Normalize loudness to target_lufs.

PARAMETER	DESCRIPTION
`target_lufs`	Target integrated loudness in LUFS. Typical: -23 (broadcast) to -14 (streaming). TYPE: `float` DEFAULT: `-14.0`

RAISES	DESCRIPTION
`ValueError`	If the input is silent or too short to measure.

spectral_centroid ¶

spectral_centroid(
    buf: AudioBuffer,
    window_size: int = 2048,
    hop_size: int | None = None,
) -> np.ndarray

Weighted mean frequency per STFT frame.

Returns Hz values shaped [num_frames] (mono) or [channels, num_frames].

spectral_bandwidth ¶

spectral_bandwidth(
    buf: AudioBuffer,
    window_size: int = 2048,
    hop_size: int | None = None,
) -> np.ndarray

Weighted standard deviation around spectral centroid per frame.

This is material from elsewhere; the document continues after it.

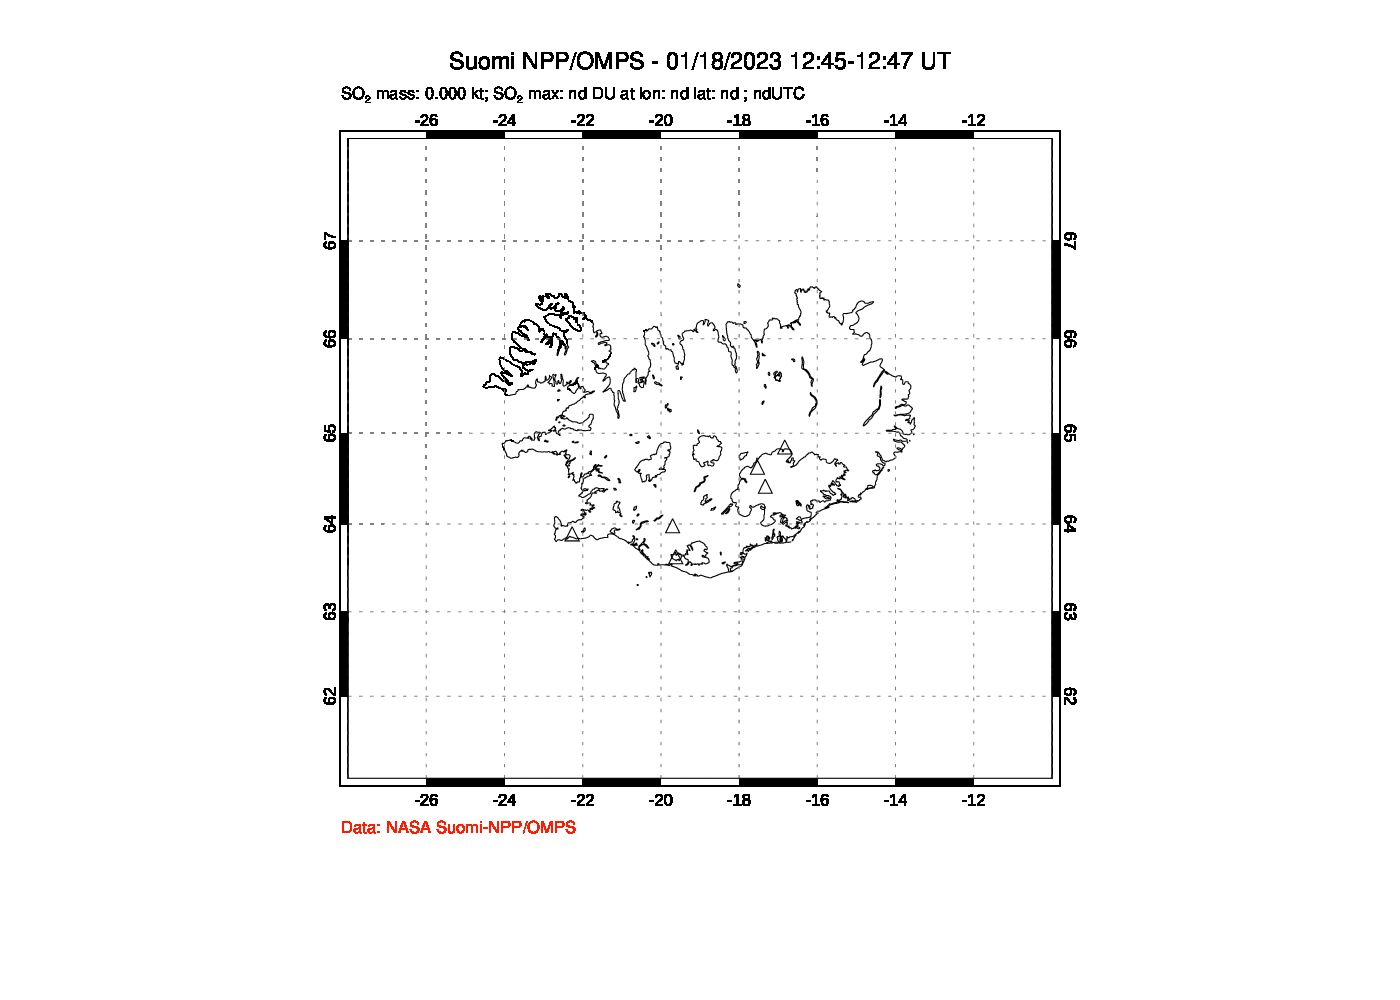 A sulfur dioxide image over Iceland on Jan 18, 2023.

Returns Hz values shaped [num_frames] (mono) or [channels, num_frames].

spectral_rolloff ¶

spectral_rolloff(
    buf: AudioBuffer,
    window_size: int = 2048,
    hop_size: int | None = None,
    percentile: float = 0.85,
) -> np.ndarray

Frequency below which percentile of spectral energy lies.

PARAMETER	DESCRIPTION
`percentile`	Energy fraction, 0.0--1.0 (e.g. 0.85 = 85th percentile). TYPE: `float` DEFAULT: `0.85`

RETURNS	DESCRIPTION
`ndarray`	Hz values shaped `[num_frames]` (mono) or `[channels, num_frames]`.

spectral_flux ¶

spectral_flux(
    buf: AudioBuffer,
    window_size: int = 2048,
    hop_size: int | None = None,
    rectify: bool = False,
) -> np.ndarray

L2 norm of frame-to-frame magnitude difference.

If rectify is True, only positive changes are counted (half-wave rectification). Returns [num_frames] (mono) or [channels, num_frames].

spectral_flatness_curve ¶

spectral_flatness_curve(
    buf: AudioBuffer,
    window_size: int = 2048,
    hop_size: int | None = None,
) -> np.ndarray

Geometric/arithmetic mean ratio per frame (Wiener entropy).

Range [0, 1]: 0=tonal, 1=noise-like. Returns [num_frames] (mono) or [channels, num_frames].

chromagram ¶

chromagram(
    buf: AudioBuffer,
    window_size: int = 4096,
    hop_size: int | None = None,
    n_chroma: int = 12,
    tuning_hz: float = 440.0,
) -> np.ndarray

Pitch class energy distribution.

Maps FFT bins to chroma classes and sums magnitudes. Returns [n_chroma, num_frames] (mono) or [channels, n_chroma, num_frames].

pitch_detect ¶

pitch_detect(
    buf: AudioBuffer,
    method: str = "yin",
    window_size: int = 2048,
    hop_size: int | None = None,
    fmin: float = 50.0,
    fmax: float = 2000.0,
    threshold: float = 0.2,
) -> tuple[np.ndarray, np.ndarray]

Detect fundamental frequency using the YIN algorithm.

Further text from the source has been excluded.